With multimodal capabilities and chains of thought (CoT) for problem-solving, AI Agent possesses a brain and "senses," making its "thinking" closer to humans.
In some scenarios, AI can tangibly replace humans.
In the SaaS context, can AI Agent, with automation and intelligence, instantly address existing pain points?
In some aspects, AI Agent looks promising.
Theoretically, AI Agent can significantly enhance customization. Unlike SaaS, which requires users to adapt, AI Agent creates workflows based on user needs.
While SaaS offers graphical interfaces, AI Agent can simplify to conversational interfaces, allowing personalized visual design.
AI Agent can "guess preferences" and reconstruct UI and functions, even with developer permissions.
Integrating multiple SaaS solutions is cumbersome, but AI Agent lets users state desired outcomes, handling intermediate processes, enhancing user experience.
Users can instruct AI Agent in natural language, akin to Siri or XiaoAi.
AI Agent's autonomous thinking and cross-module data analysis potential make it more than a tool; it can proactively offer business suggestions, evolving into an assistant.
In traditional SaaS, using an ERP system involves manual data entry and familiarity with functional modules. With AI Agent, users can simply state, "Increase Product A production by 20%," and AI handles the rest, including risk warnings and alternative solutions.
Such a user experience naturally boosts retention, no longer a SaaS vendor's stumbling block.
III. The Future of AI Agent and SaaS: Integration or Disruption?
AI Agent's impact on SaaS is evident, with companies like Salesforce, Microsoft, Yonyou, and Weimob launching AI Agent solutions.
Currently, AI Agent is integrated into SaaS, handling planning and decision-making at specific nodes. The future may unfold in two trends.
First, SaaS will coexist with AI Agent, deeply integrating to "reshape" itself. AI Agent will embed into business processes, and SaaS will serve as an API-like tool.
Under this model, SaaS moves behind the scenes but isn't replaced. AI Agent integrates SaaS, forming a symbiotic relationship.
Salesforce CEO Marc Benioff supports this, believing AI Agent needs a reliable data foundation and sophisticated applications (SaaS) to maximize effectiveness, evolving SaaS into Service-as-Software (SaSo).

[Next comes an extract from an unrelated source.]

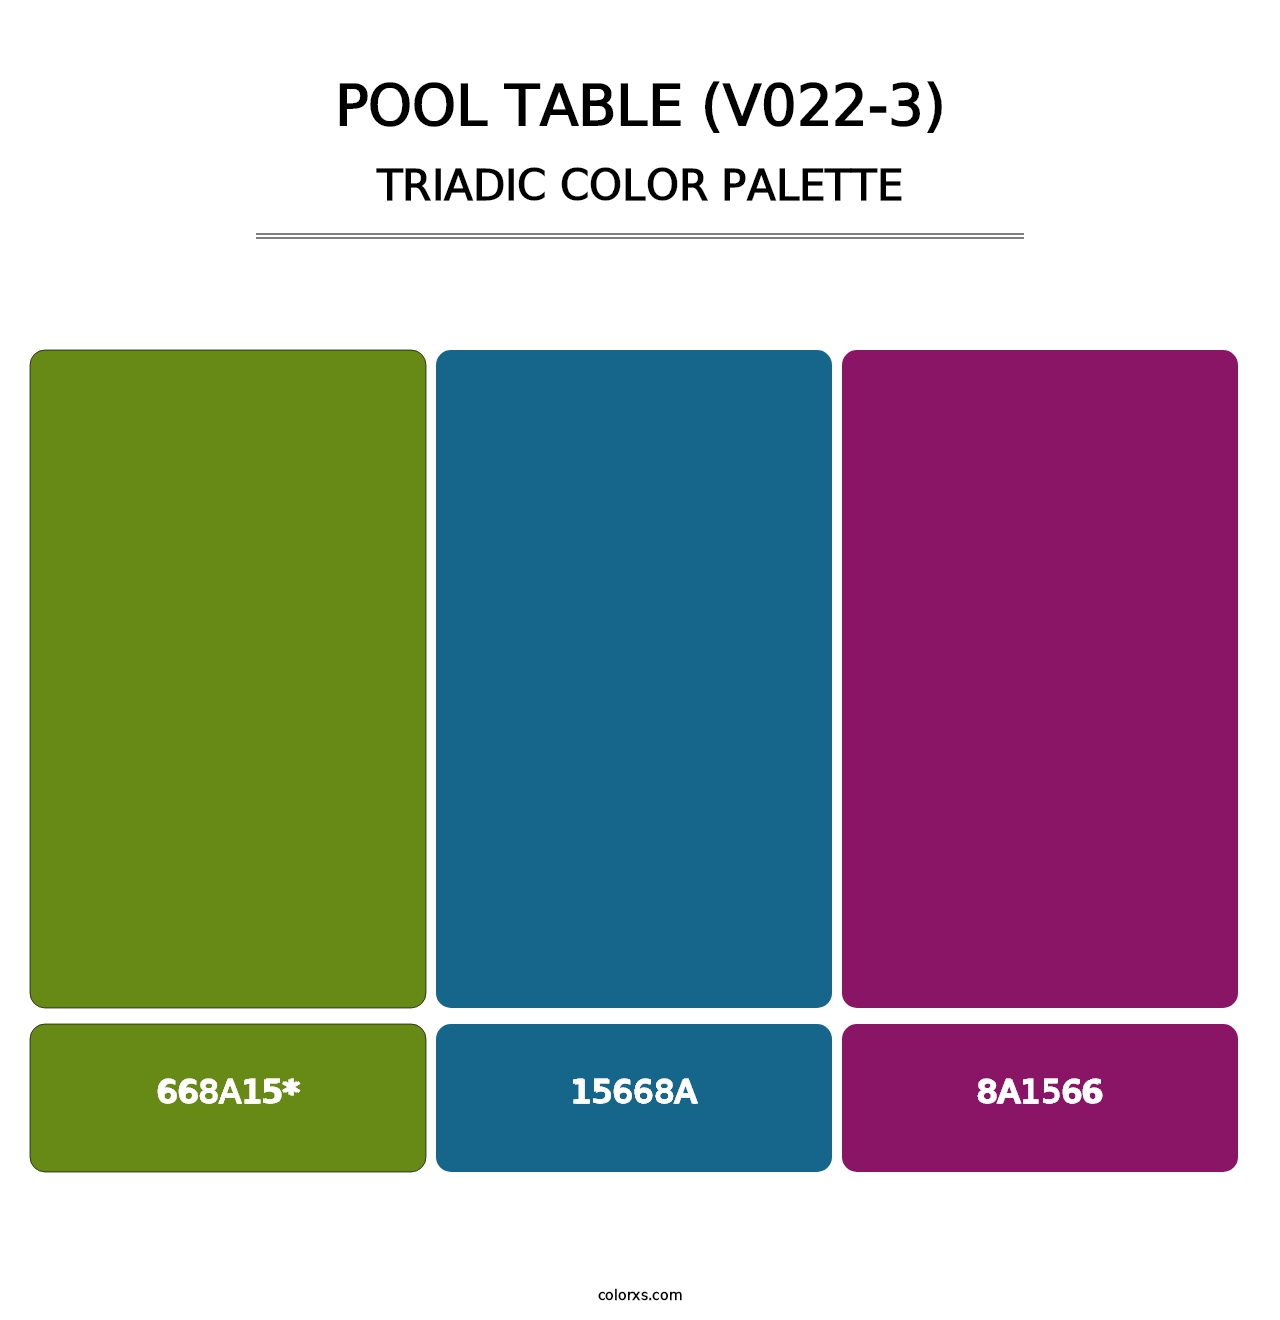 Pool Table (V022-3) - Triadic Color Palette

The second trend is more radical – since SaaS can be seen as "database + business logic," why not let AI Agent directly interact with the database and handle logic?
Nadella's vision aligns with this, but have we reached the dawn?

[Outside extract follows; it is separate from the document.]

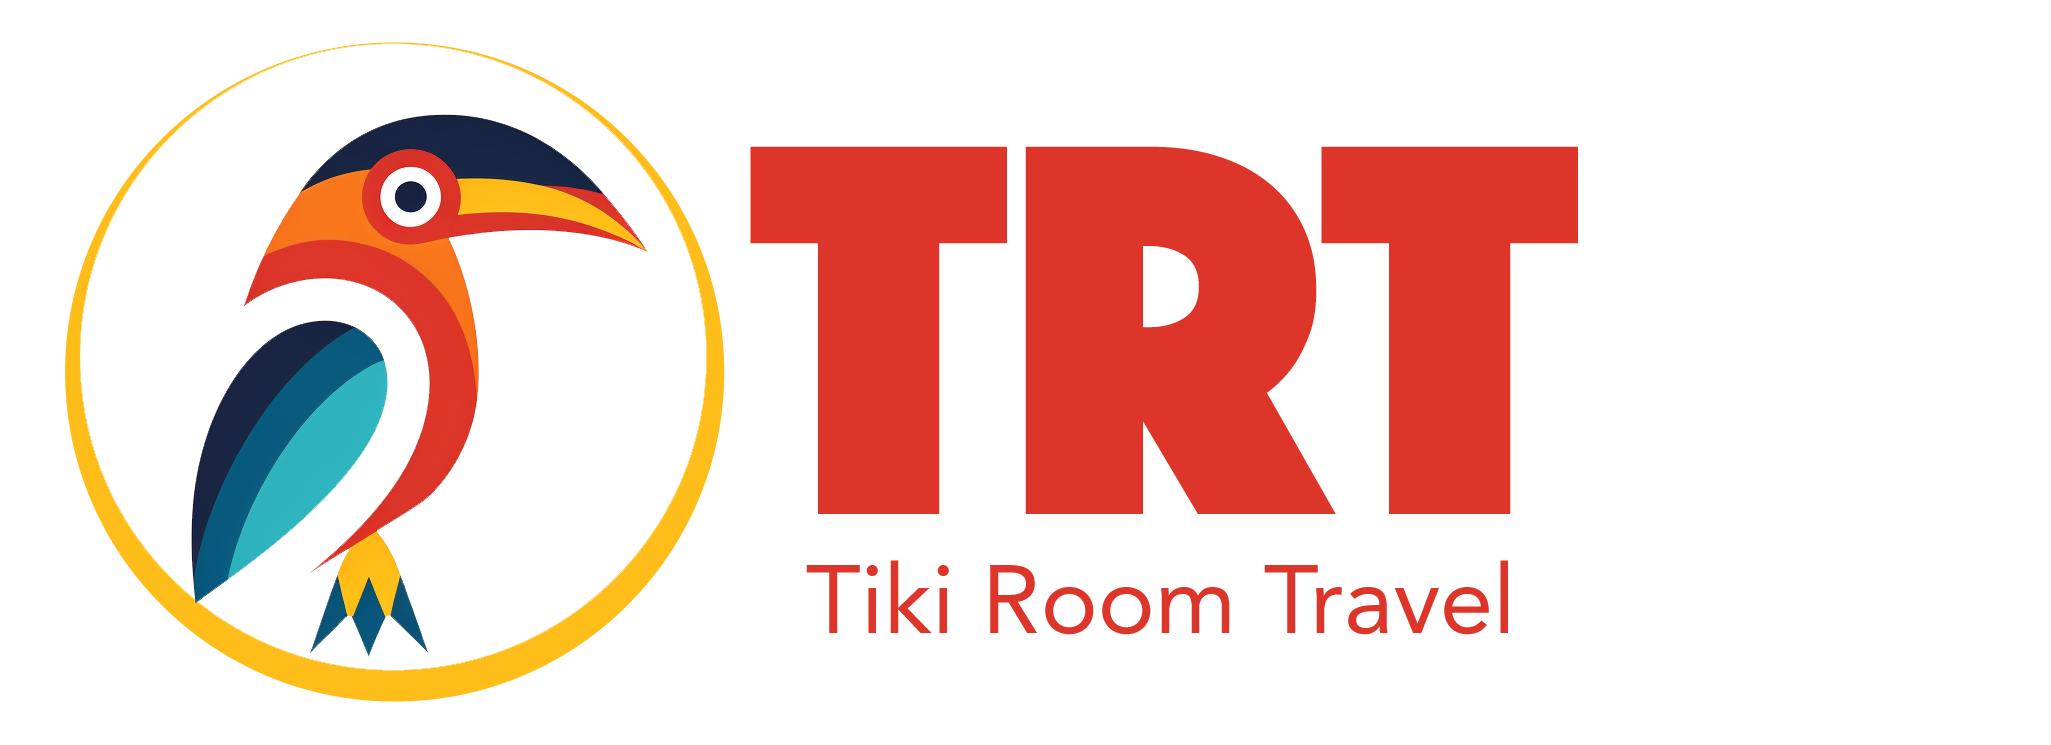 Tiki Room Travel

For now, AI Agent faces obstacles to truly disrupting SaaS.
As a large model "shell," AI Agent's capabilities are constrained by its LLM foundation. LLM's reasoning, multimodal abilities, and hallucination rates affect AI Agent's usability.
In the OSWorld benchmark test, the best AI Agent score is 42.5% (ByteDance's UI-TARS-1.5), below the human average of 70%. This may suffice for personal tasks but falls short for enterprise needs.
From a cost perspective, while LLM vendors reduce pricing, the economic threshold for large-scale deployment hasn't been reached. Complex tasks incur high invocation costs, potentially leading to rapid resource consumption.
Model fine-tuning, deployment, and optimization in vertical industries require significant technical and financial investments. Being "cool" isn't enough for enterprises to fully embrace AI Agent.
Moreover, AI Agent doesn't fundamentally solve SaaS's data security and compliance issues, introducing new uncontrollable factors.
Tracing and accountability are complex compared to SaaS's clear traceability.
While AI Agent flourishes, no "killer application" at the enterprise level has emerged to replace SaaS.
In summary, AI Agent may reshape the SaaS industry, but the transformation's prelude has just begun. SaaS vendors must seriously consider transformation or integration; hesitation could be fatal.